• YOUR ASSIGNMENT: Restate word for word the entries below, starting at the line with "A bundle of pierced earrings" and ending at the line with "Известният руски актьор". Keep both end lines and omit the pictures.

-- TASK DATA follows --

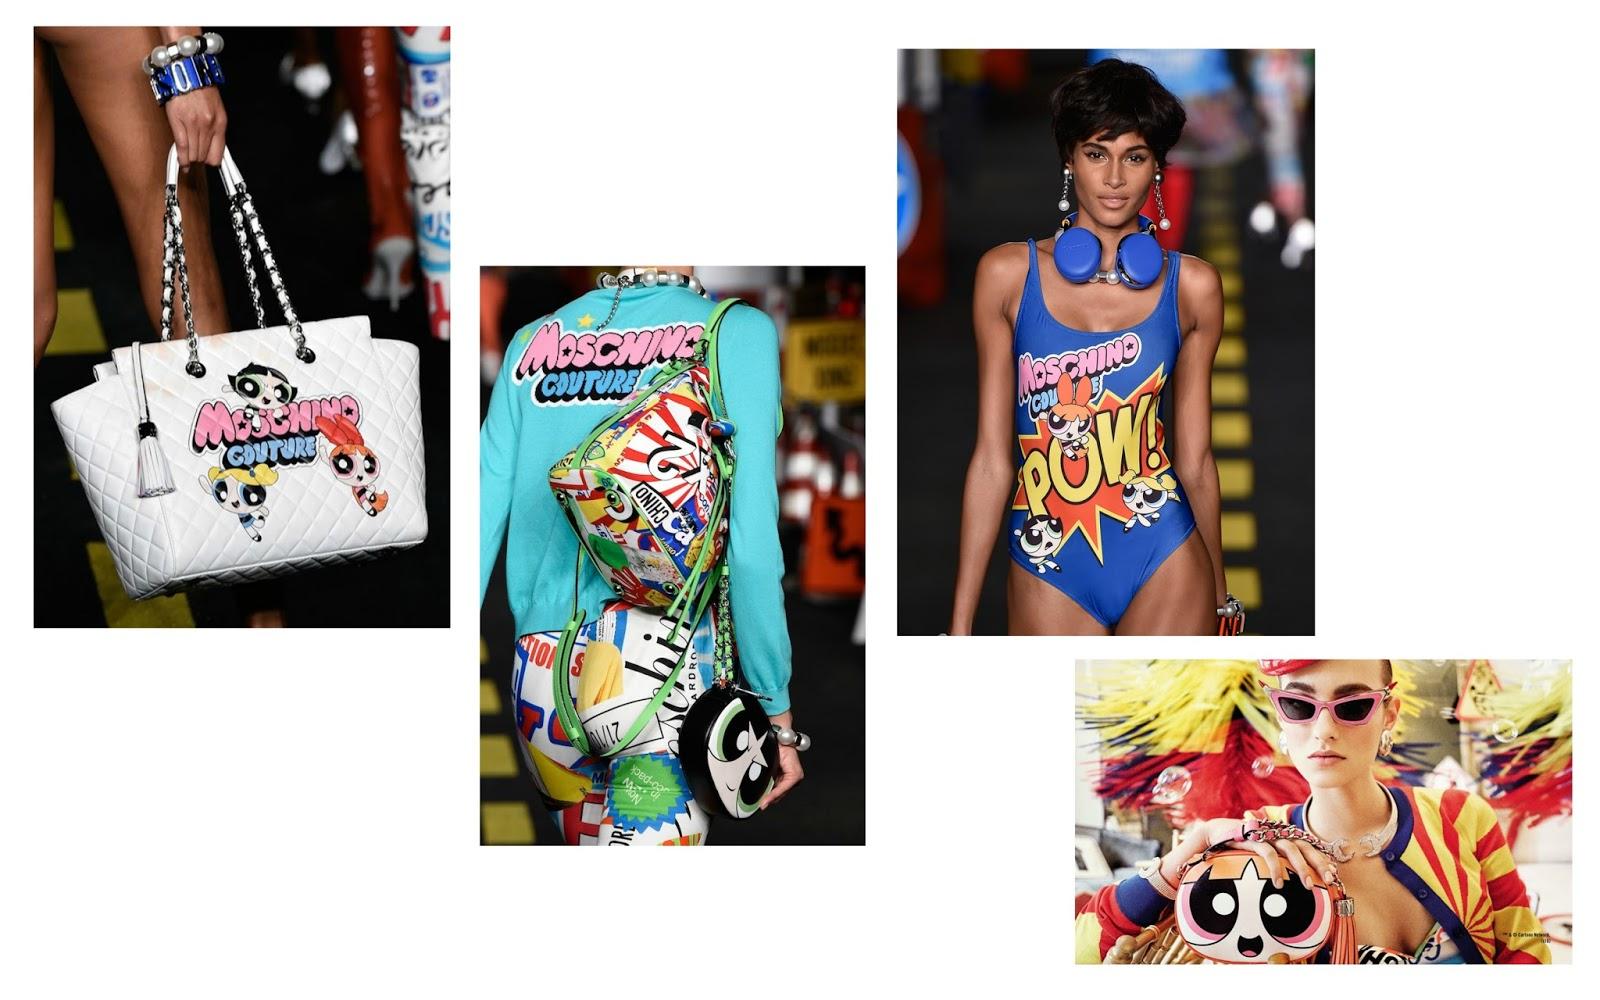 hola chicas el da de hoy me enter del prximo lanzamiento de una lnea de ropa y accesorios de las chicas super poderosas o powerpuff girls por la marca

-- TASK DATA concluded --
-- TASK DATA follows --

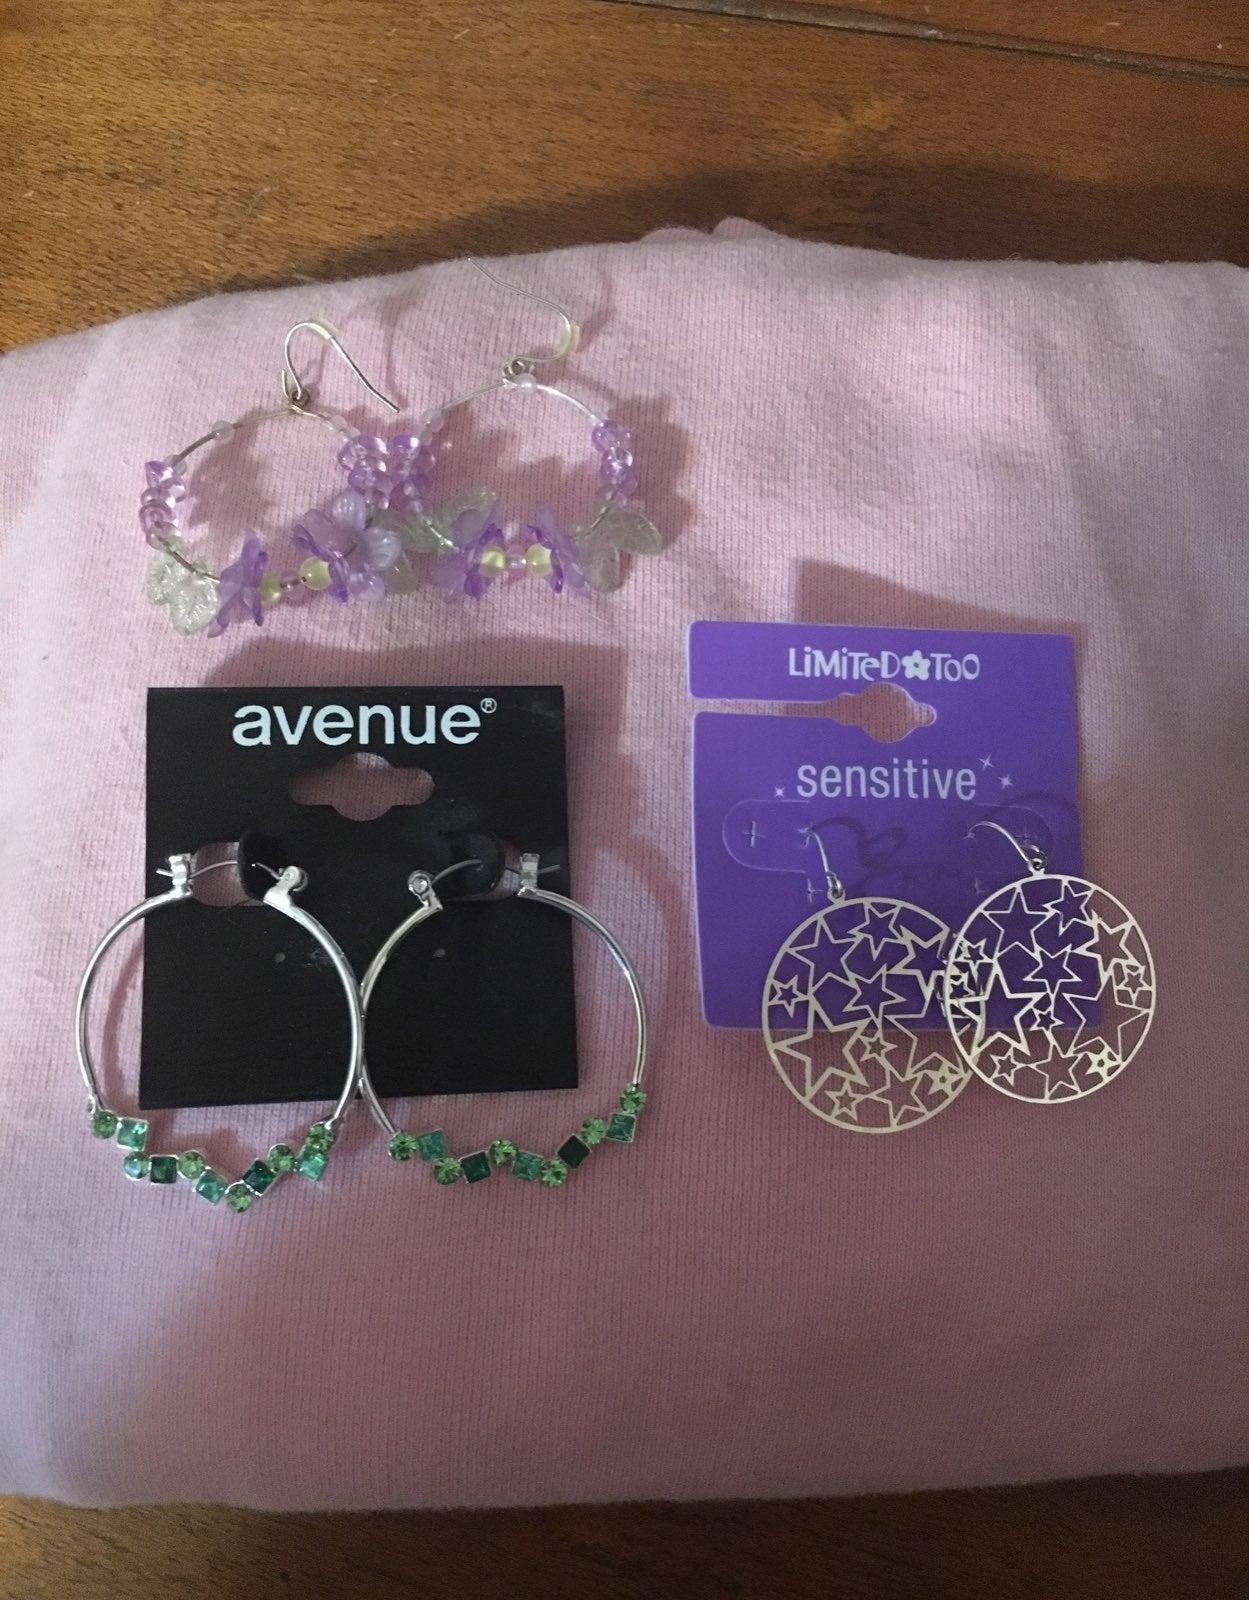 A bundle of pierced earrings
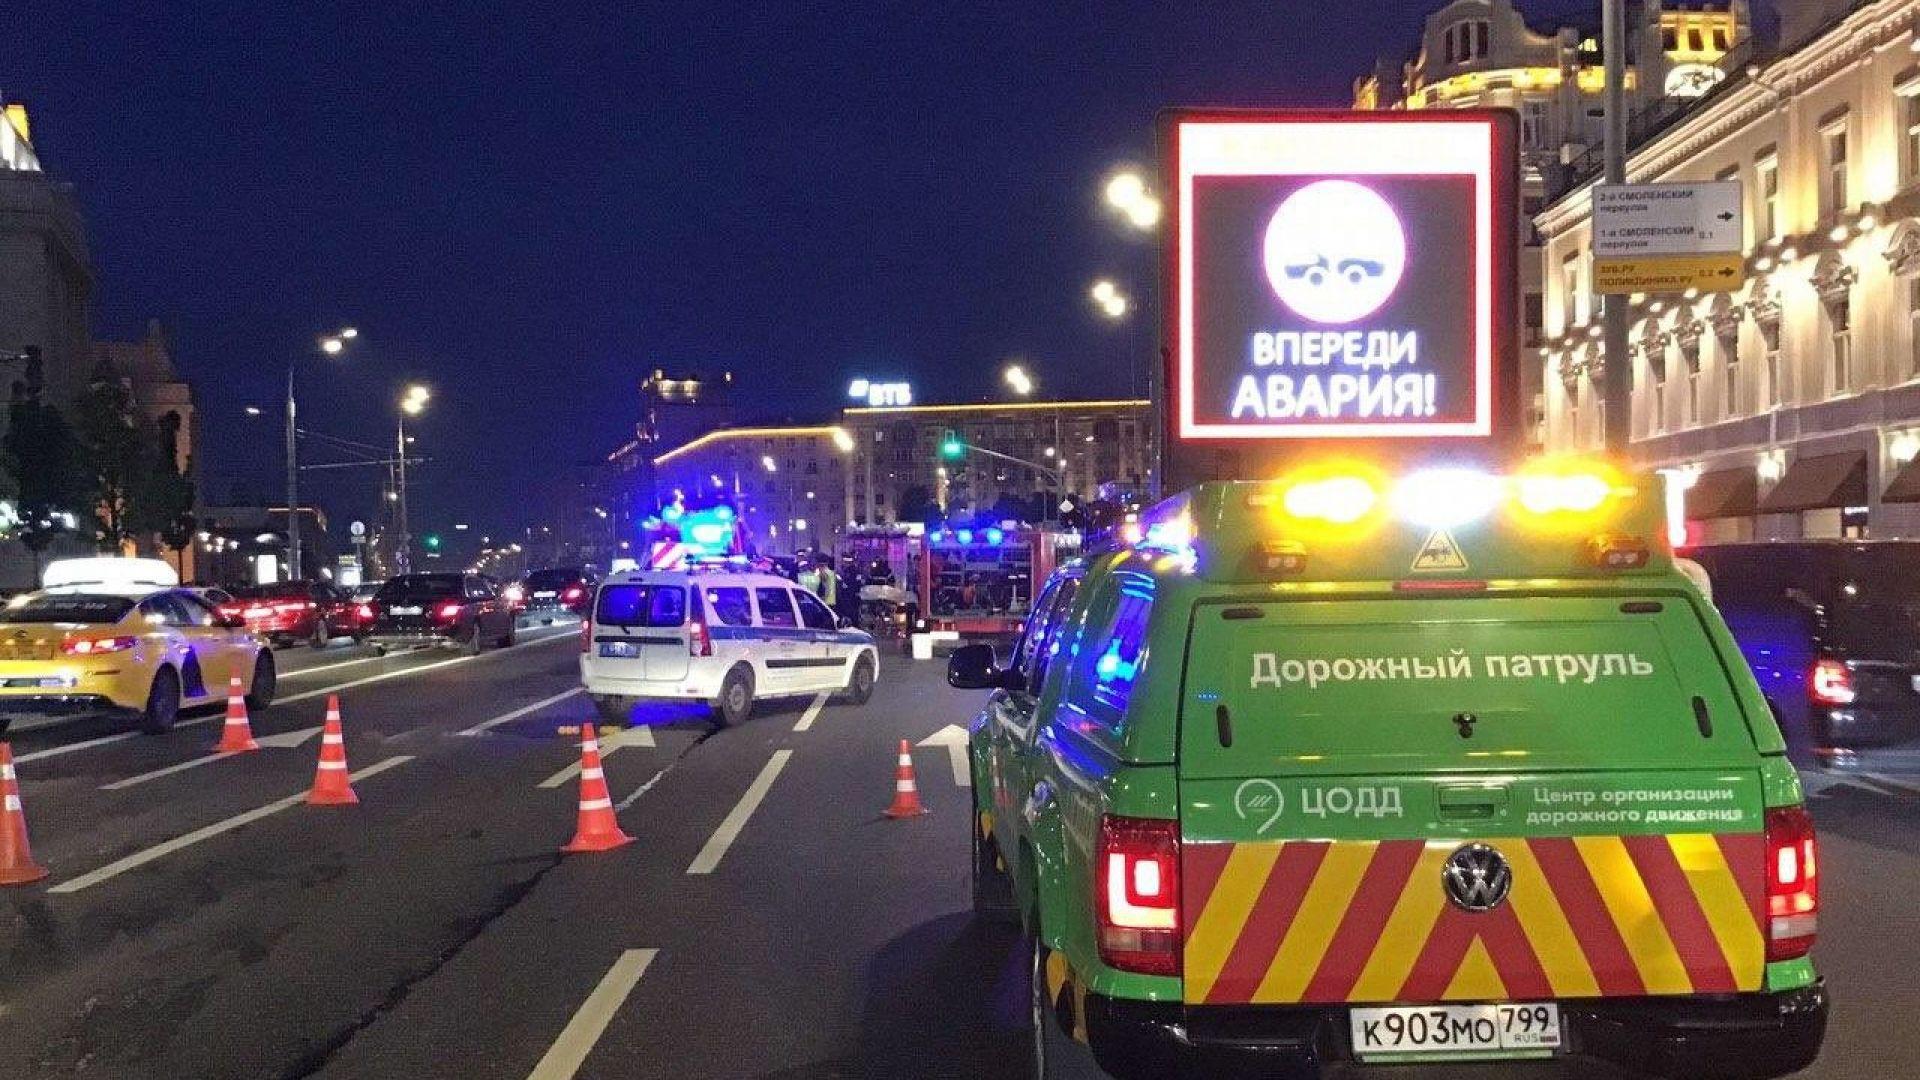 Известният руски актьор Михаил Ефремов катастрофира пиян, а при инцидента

-- TASK DATA concluded --

• ANSWER BOX:
 A bundle of pierced earrings
 Известният руски актьор Михаил Ефремов катастрофира пиян, а при инцидента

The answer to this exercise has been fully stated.